Spring 2017

The Literature & Philosophy Workshop Spring Schedule is now up on our website and included below. All workshops take place in Foster 305 unless otherwise noted; documents are generally available on the website a week in advance of the presentation.

Hope everyone is having a good start to the quarter!

Eliza

Literature & Philosophy Workshop Spring 2017 Schedule

March 30th:   David Wellbery (LeRoy T. and Margaret Deffenbaugh Carlson University Professor of Germanic Studies, Comparative Literature, and Social Thought; Chair, Germanic Studies at the University of Chicago), “August Wilhelm Schlegel’s Concept of Literary Study, or, What is a Sonnet?” (Social Sciences 122)

April 13th:  Chenxin Jiang (PhD Candidate, University of Chicago Committee on Social Thought), “Translating and untranslating Chinese philosophy with Richard Wilhelm.”

April 27th: Haun Saussy (University Professor in the Department of Comparative Literature, Social Thought, East Asian Studies and the College at the University of Chicago), “A Correspondence Course in Philosophy. Li Zhi Polemicizes With Fellow Neo-Confucians in the 1580s.” (Foster 505)

May 4th: Aparna Ravilochan (PhD Student, University of Chicago Committee on Social Thought) “From a Day to a Thousand Years: Distorted Gestation Periods in The Mahabharata.”

One peculiar and persistent motif in the Mahabharata is the distortion of time that often accompanies pregnancy. Some of its characters conceive and give birth within a single day; others remain pregnant for as many as one thousand years. In this paper, I investigate what the elastic duration of pregnancy in the world of this text reveals about motherhood and the dharma of women.

May 18th: Jozef Majernik (PhD student Committee on Social Thought), “Understanding Jan Patočka’s political engagement through his reading of Dostoevsky”

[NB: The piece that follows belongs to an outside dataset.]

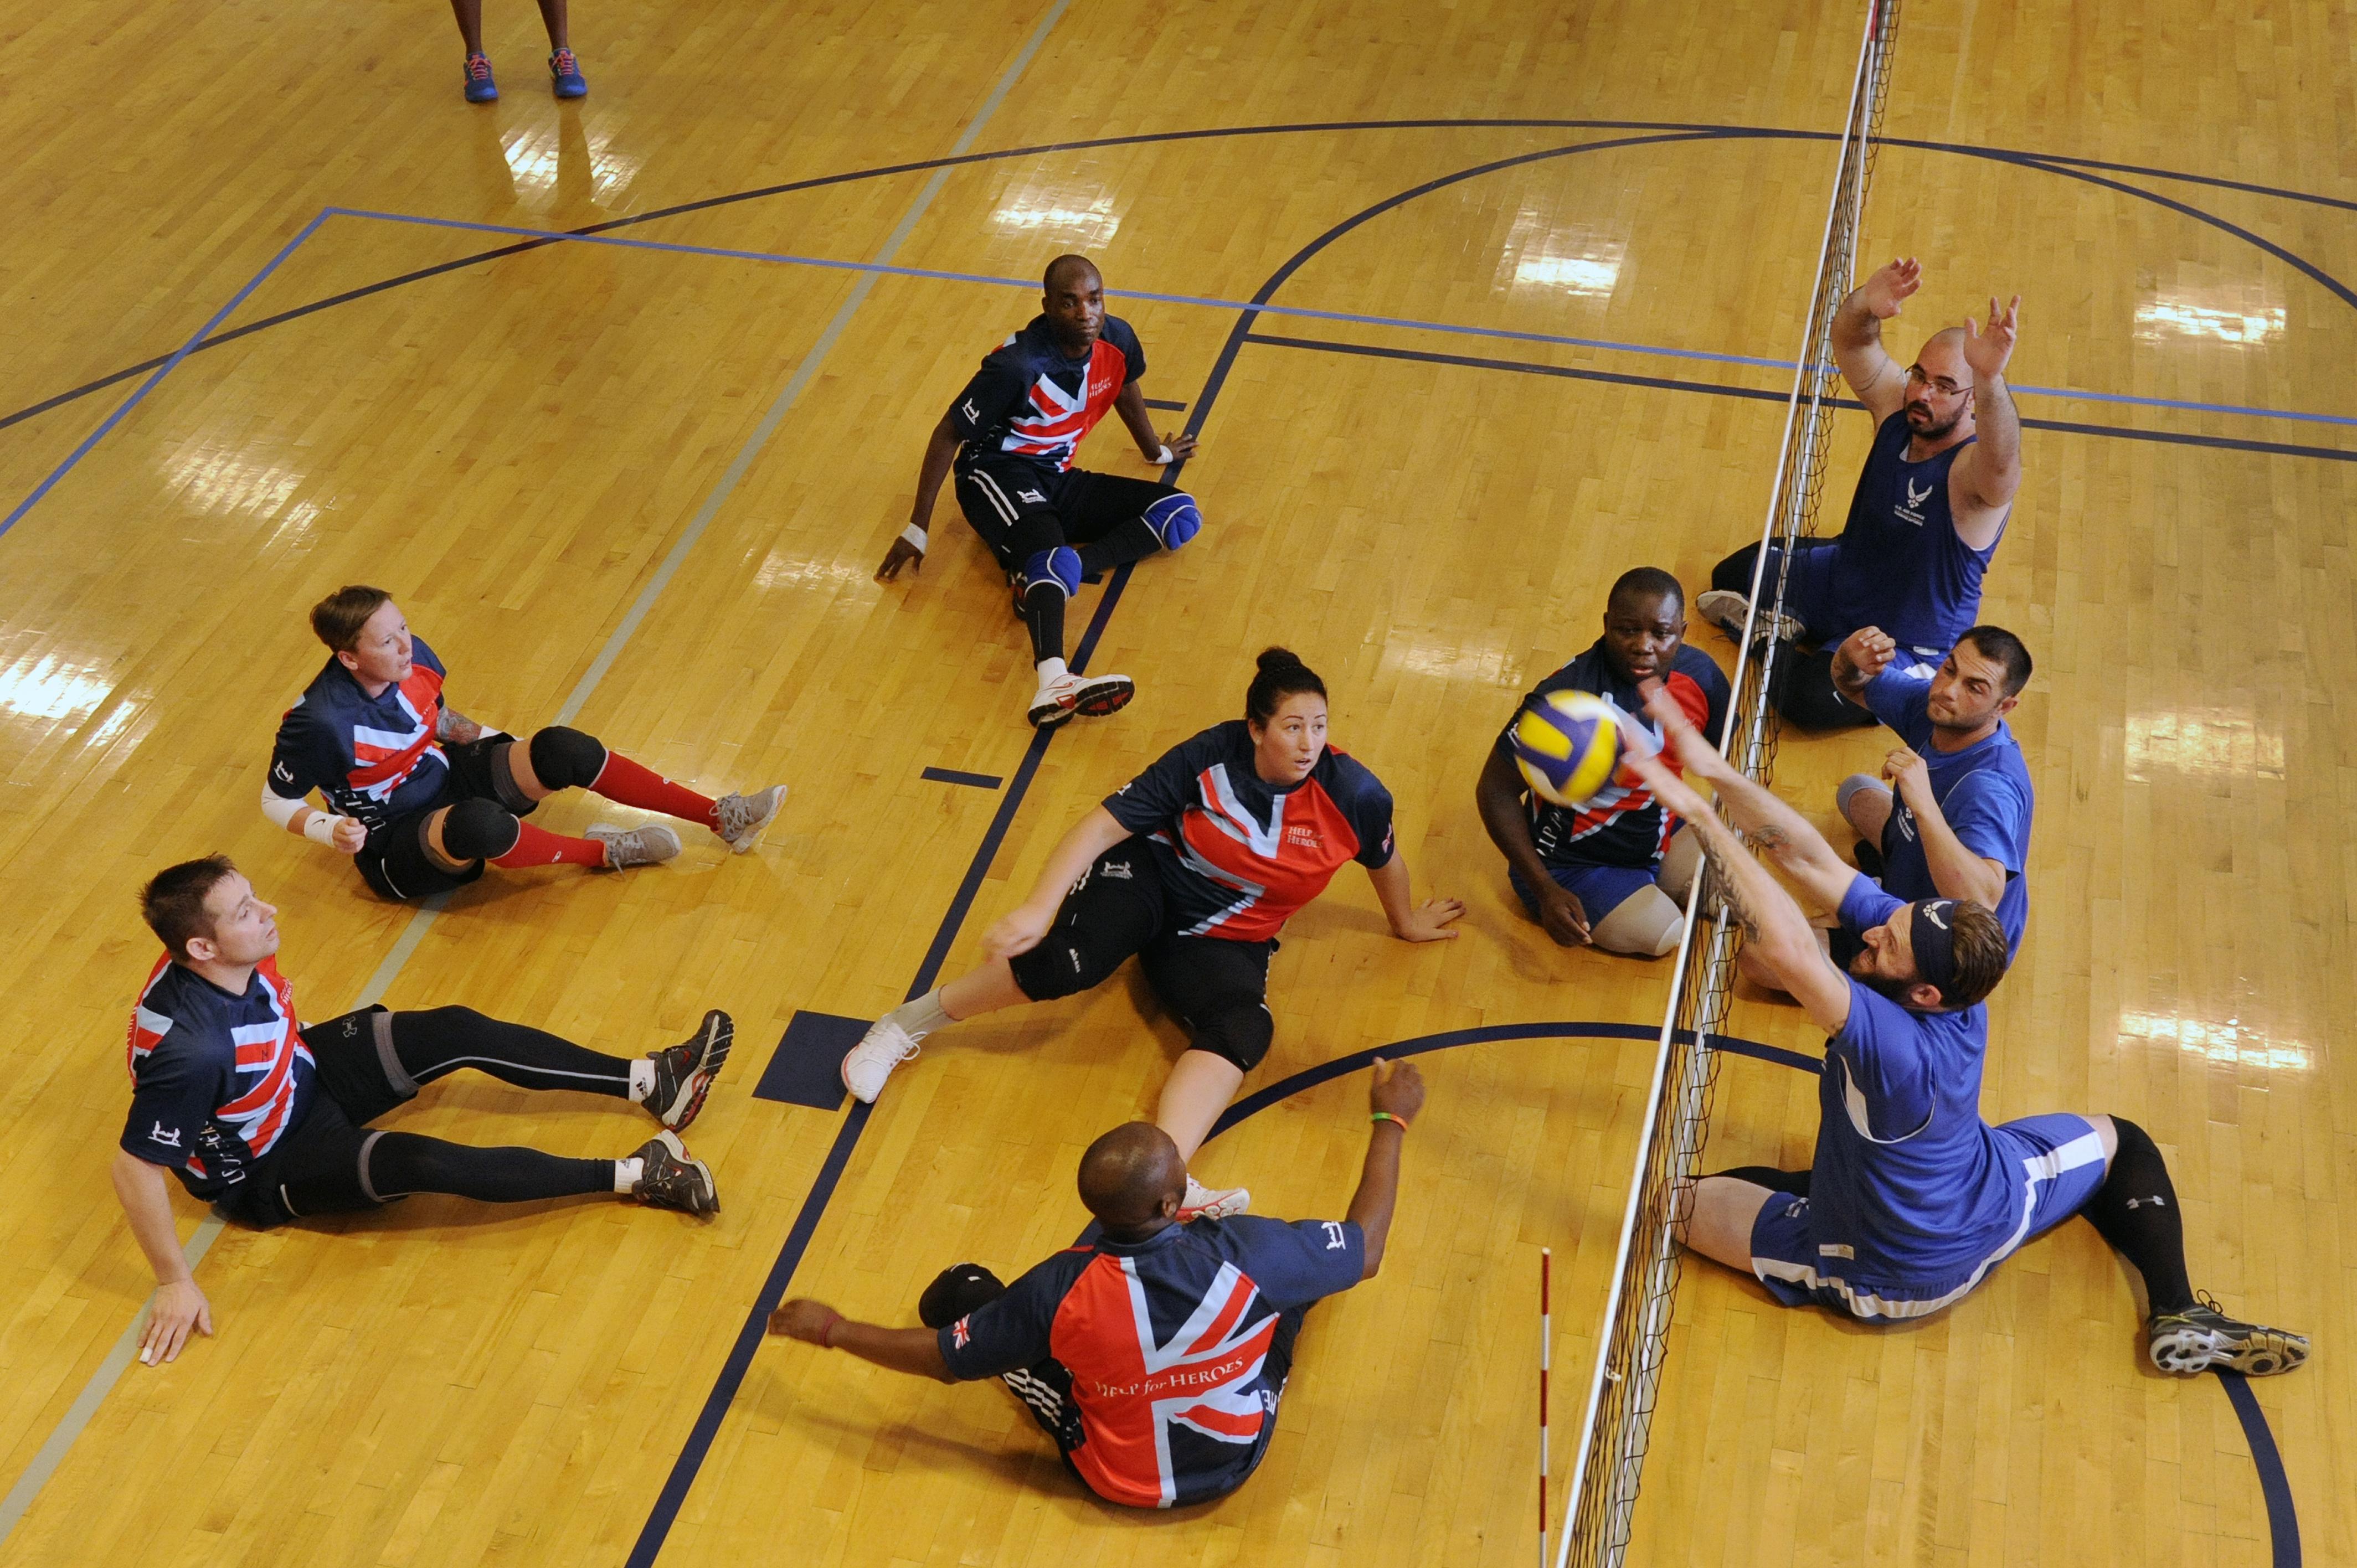 Multi-Sport Organizations

Toward the end of his life, the Czech phenomenologist Jan Patočka became politically active for the first time, as a spokesman of the dissident movement Charter 77. In this capacity he wrote several essays, the first of which, entitled On the Matters of Plastic People of the Universe and DG 307, I interpret as his explanation and justification of his turn toward political engagement. My paper is a reading of this essay that pays particular attention to a peculiar formal feature of the essay – namely that it is presented as a reversal of Dostoevsky’s short story The Dream of a Ridiculous Man. In reversing this story, Patočka presents to us the two basic ways of human life and explains his political engagement as an action taken on behalf of the truly human way of life, which he calls “life in truth” or “the responsible life”. My translation of On the Matters… is appended to the paper.